I can’t get anything done if I have a phone exploding with random crap notifications all day long. It needs to go.
I’m in pretty good company – a ton of people from Telegram’s Durov to Warren Buffet at his peak to Jack Dorsey and even Zuckerberg, the Mr. Stuff-Your-Face-With-Reels-Until-You-Puke 🤮 himself have all at some point mentioned minimizing one’s exposure to the attention-destroying device to reclaim some focus time and get some work done.
Round 1.
After looking around a bunch, and trying an actual ugly, expensive and useless brand new 4G flip phone from T-Mobile, I came across a few modern kickstarter-style attempts to produce a proper distraction free device. I ended up getting one of the “modern dumbphones” – Light Phone III. (no affiliation, not an ad)

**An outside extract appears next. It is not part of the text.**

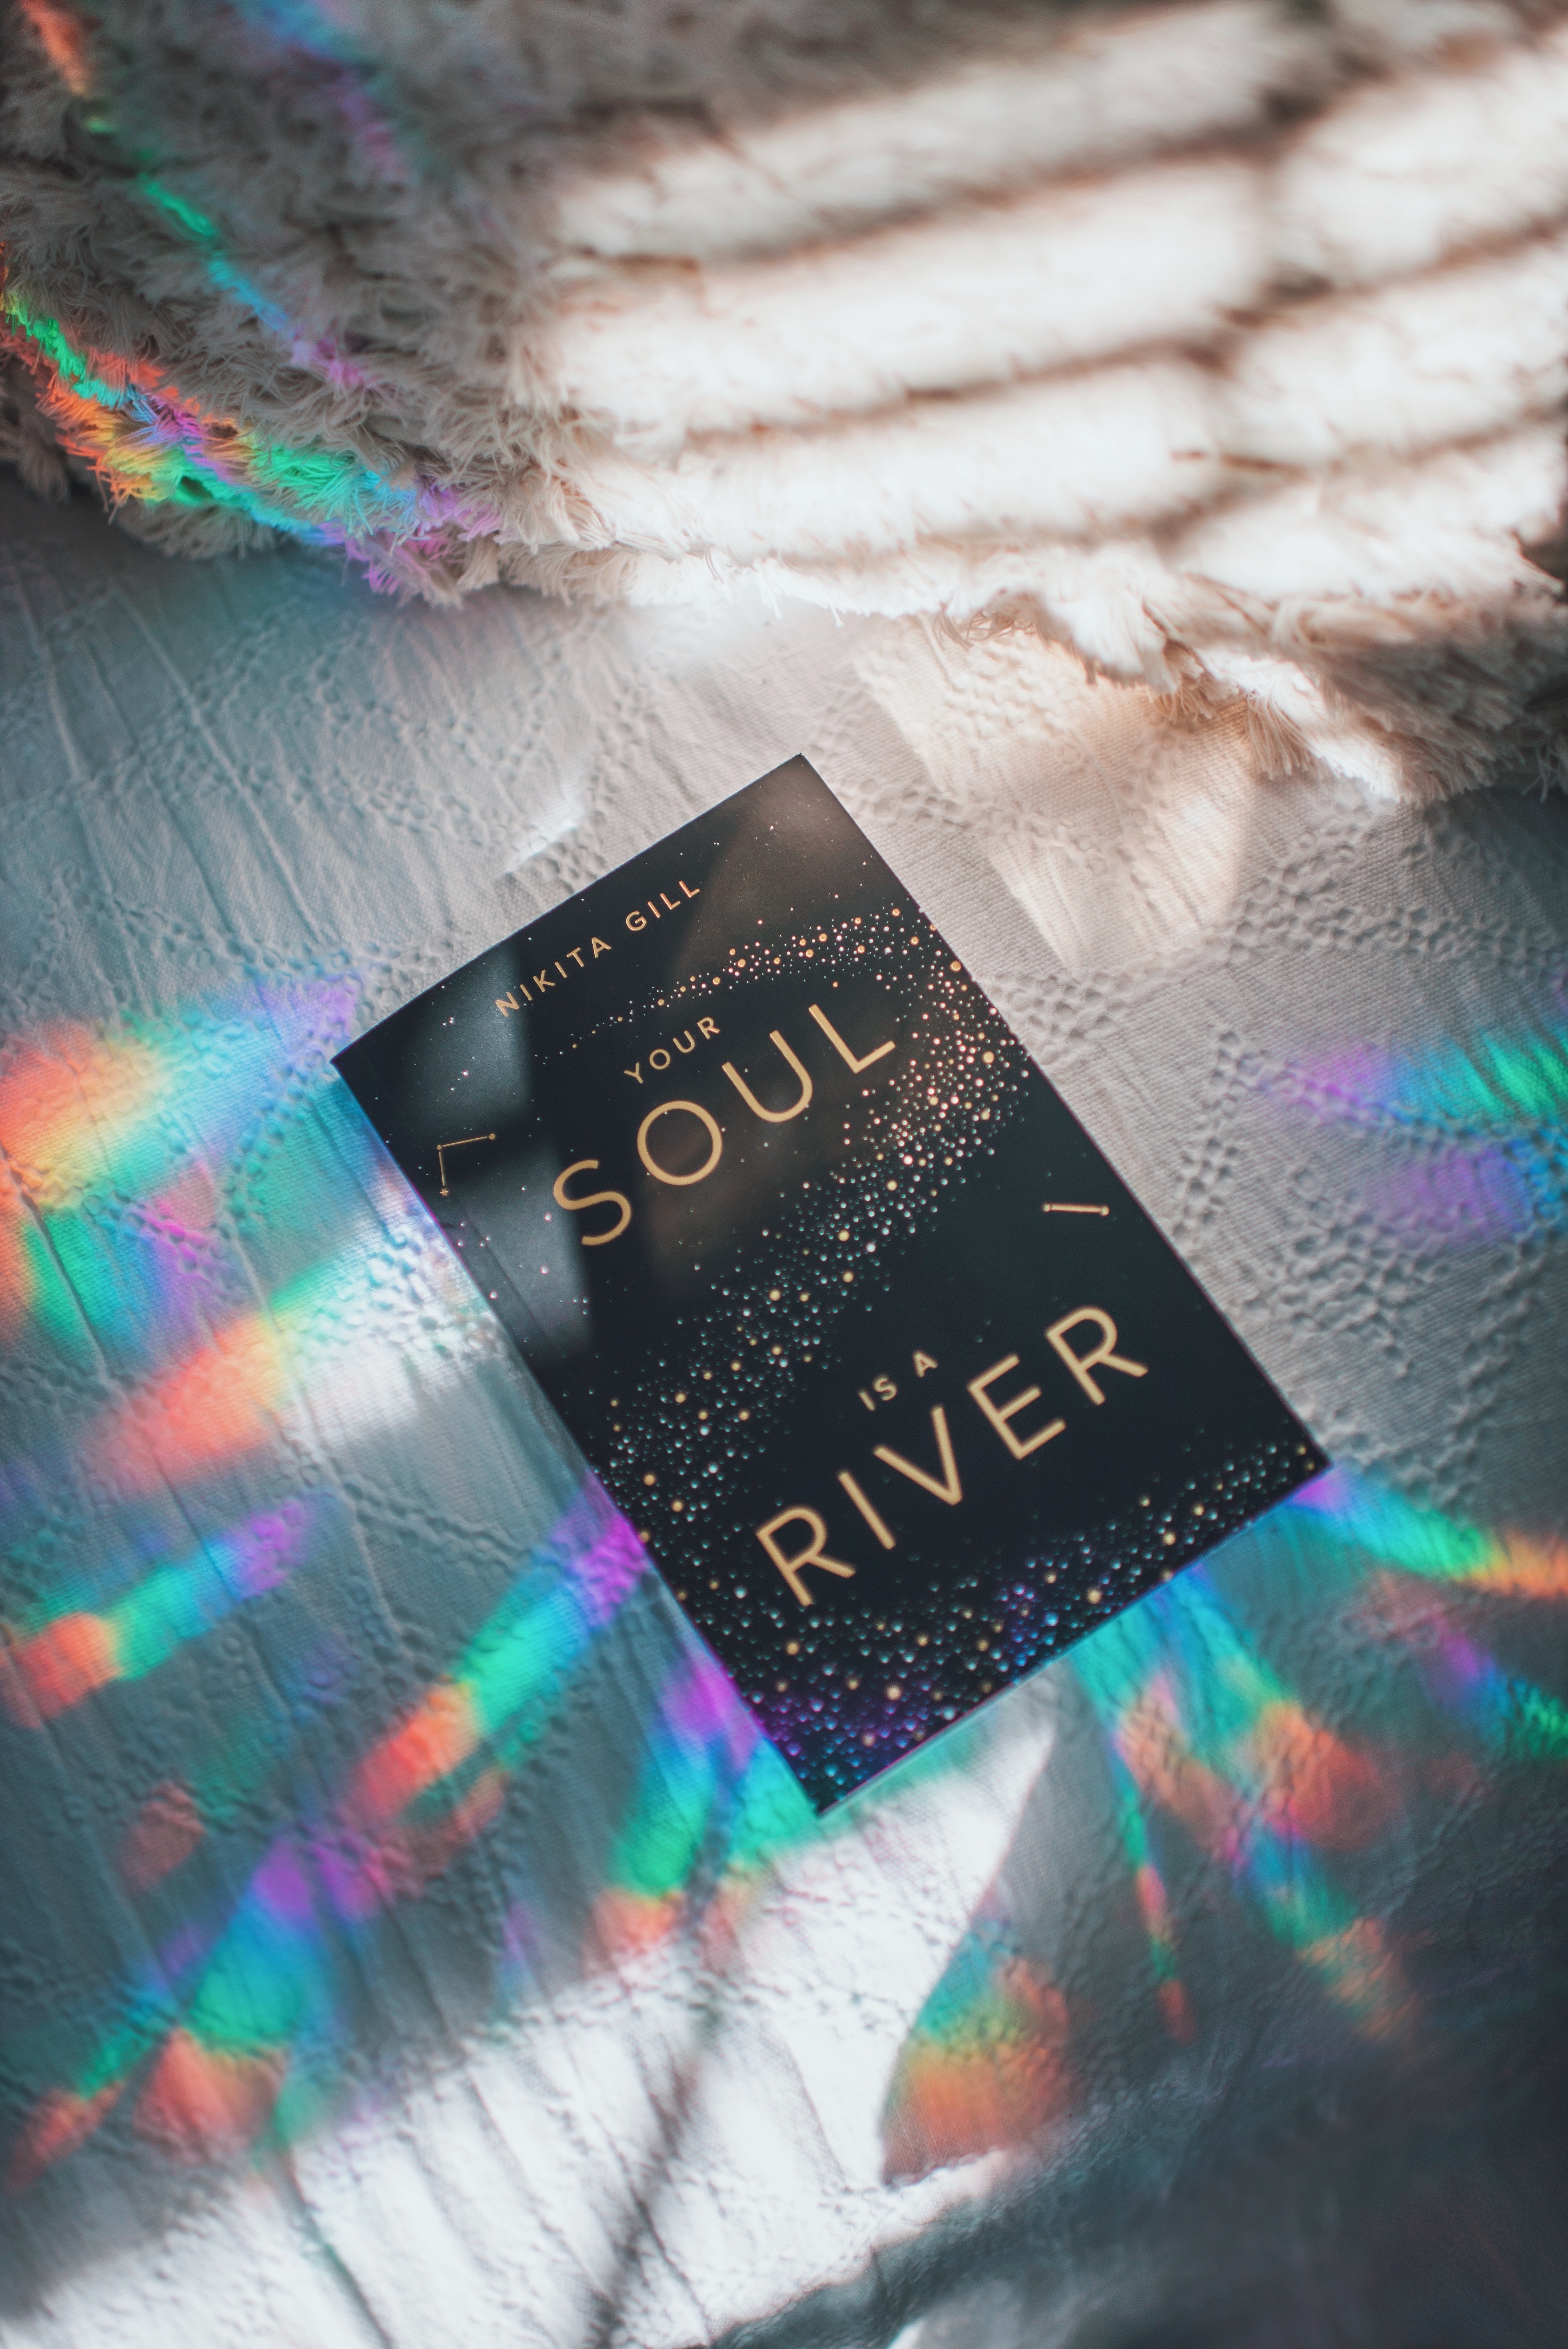 Your soul is a river by nikita gill book photo

Long story short, it’s a great device, with 5G and a whole philosophy of design, which is very nicely crafted. I think it’s a very monumental endeavor to design a phone from scratch. Unfortunately, despite what looks like a lot of labor of love, it still fell short of the good ol’ Samsung which has iterated on their devices for close to 2 decades now, covering an infinite number of usability edge cases during all that time, as well as creating a relatively indestructible device from a physical standpoint.

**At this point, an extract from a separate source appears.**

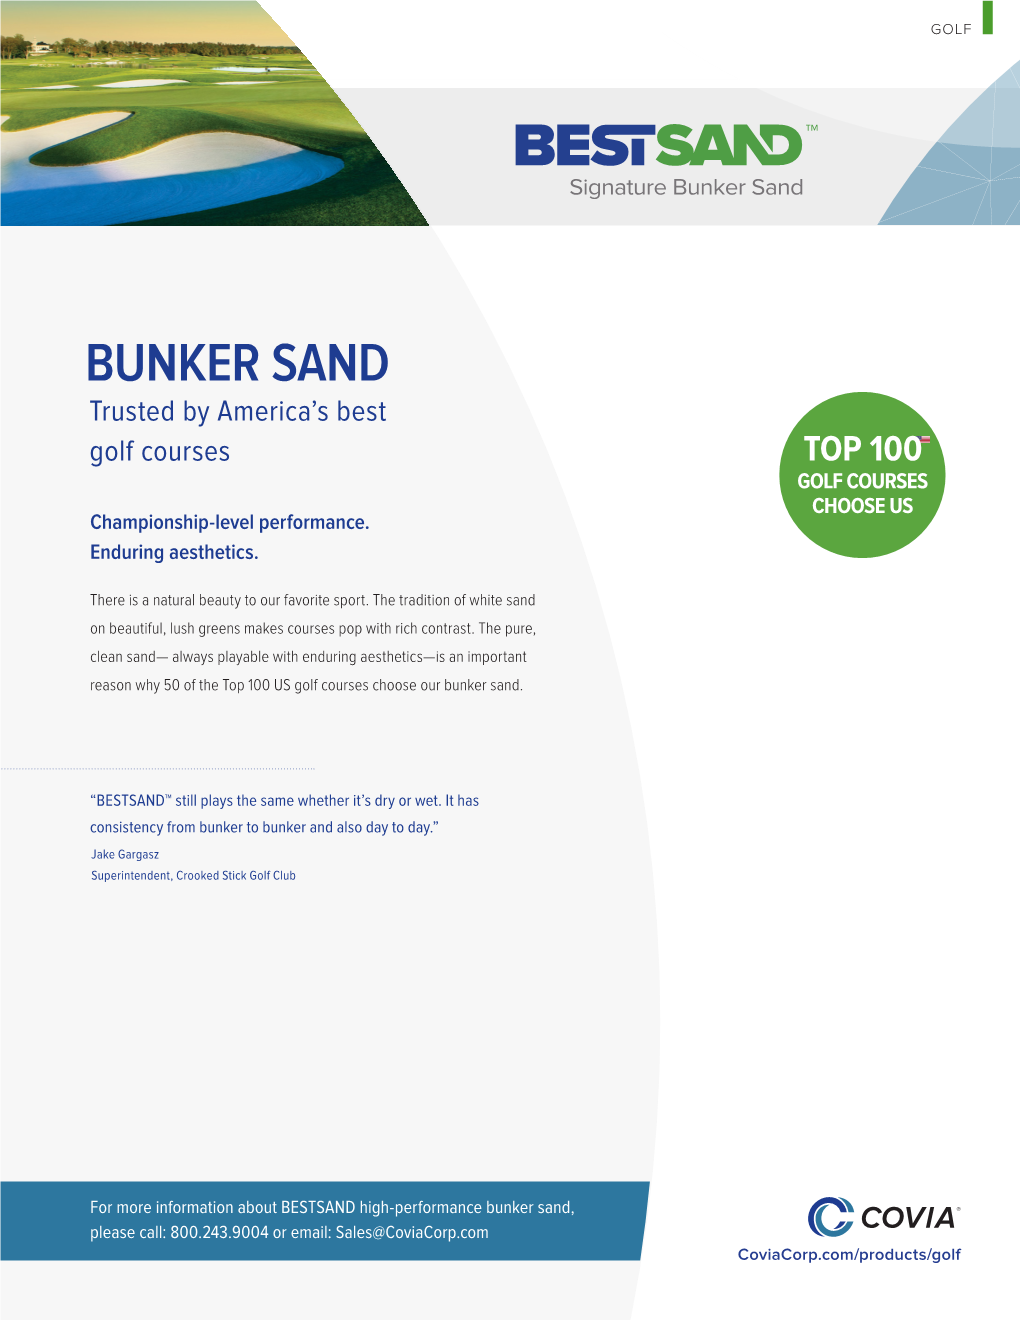 BUNKER SAND Trusted by America’S Best Golf Courses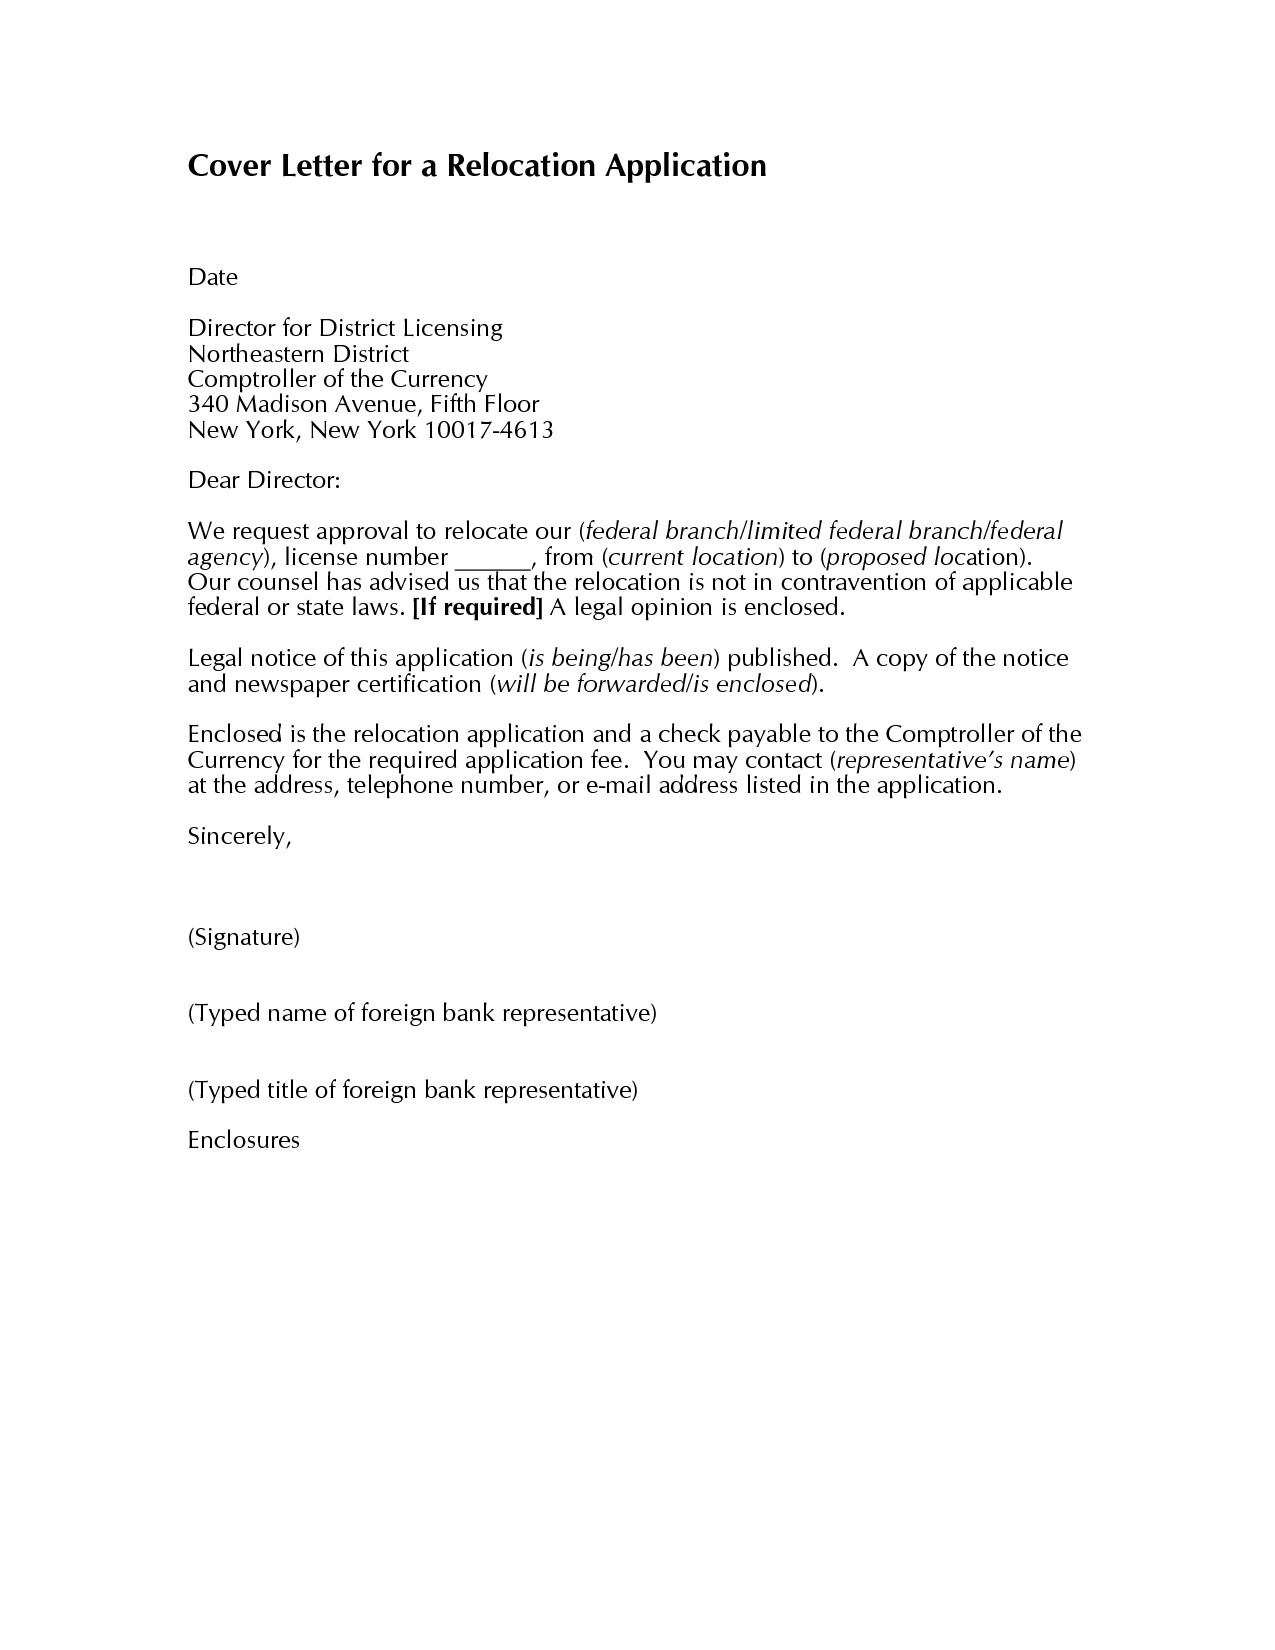 Relocation Cover Letter Template Free - Job Relocation Letter Sample Valid Willing to Relocate Cover Letter

A few totally subjective, personal gripes with the otherwise excellent Light Phone III that made me rethink that approach:
- The screen and the body scratch very easily, I delayed getting a case and a screen protector and paid for that dearly by having deep scratches all over just from carrying it around for the first two weeks, something that I haven’t seen in newer Galaxies.
- The built-in 5G Wifi hotspot, which I still need to tether my laptop for work emergencies on the go, seems to turn itself off after a very short time. Probably was added as a nice battery saving feature, but very annoying. Samsung has an easy setting to change the hotspot timeout to whatever you like.

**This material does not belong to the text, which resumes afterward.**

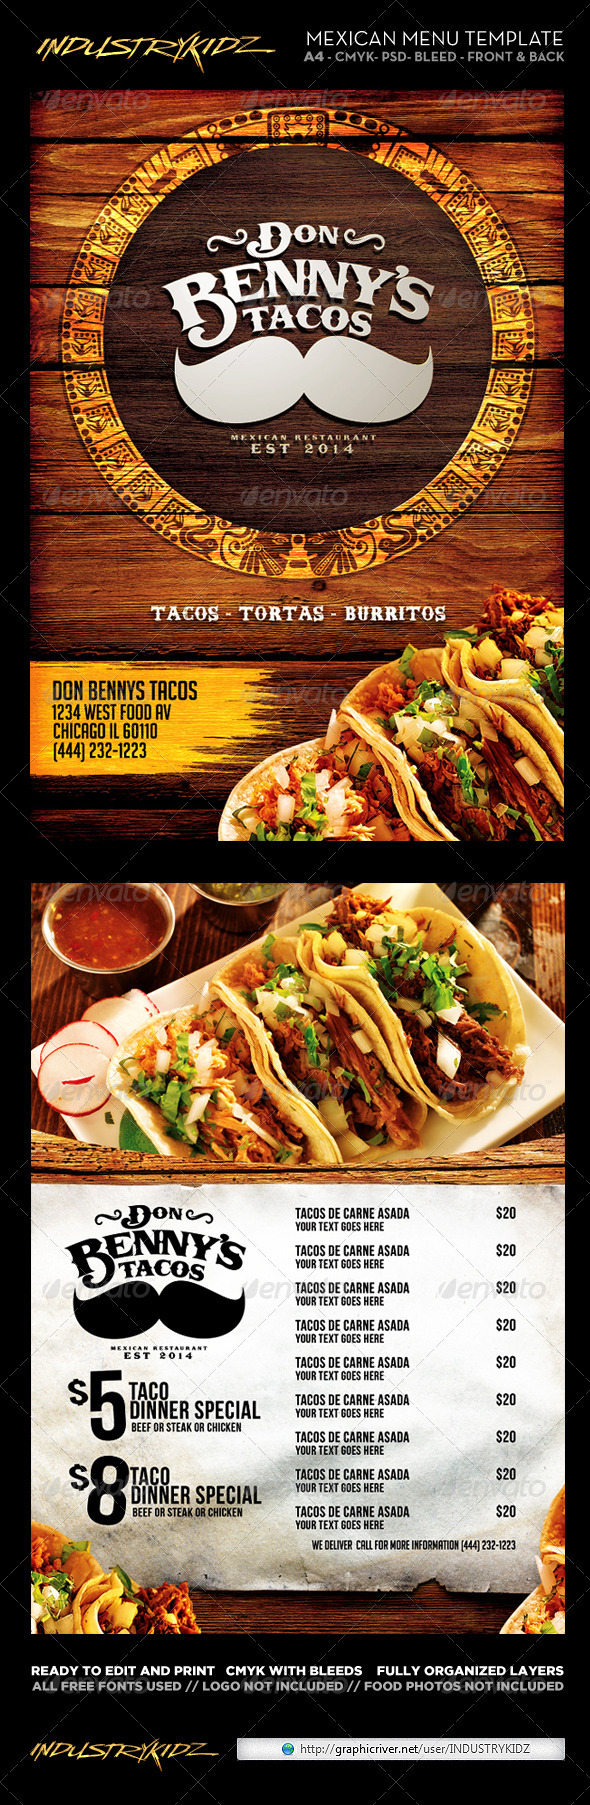 Mexican Menu Template by INDUSTRYKIDZ GraphicRiver

- I do miss a familiar UI, getting used to a totally different UI paradigm in Light Phone III took some effort.
- Most importantly though, there were a few apps that I really really missed. For example, I listen to a lot of Soundcloud mixes as background music for work or while commuting. Having Slack (strictly the work account) and Google’s calendar would be nice, although not critical. All in all, it would be just nice to pick and choose which apps to keep instead of getting a fixed set handed to you. All of us have different preferences, so it seemed rather futile to try to satisfy everyone’s different definitions of “minimalism” with one fixed set of basic Light Phone apps.
After a few weeks, the Light Phone III was regrettably shelved and the journey to find the perfect dumbphone was re-embarked upon.
Round 2.
Apple devices, of course, did not enter the picture for one second – in my teenage years, Bill Gates was widely considered evil personified for controlling the OS, whereas with the iPhone, Apple proudly controls *ALL* your hardware, your OS, and all your software, dictating to you which apps you are allowed and not allowed to install on your phone, taking a 30% cut from developers that managed to pass the app censorship, while outright banning others at the slightest whim. As a result of this steel grip dictatorship, there are a handful of apps that I actually need that are not even available on said devices.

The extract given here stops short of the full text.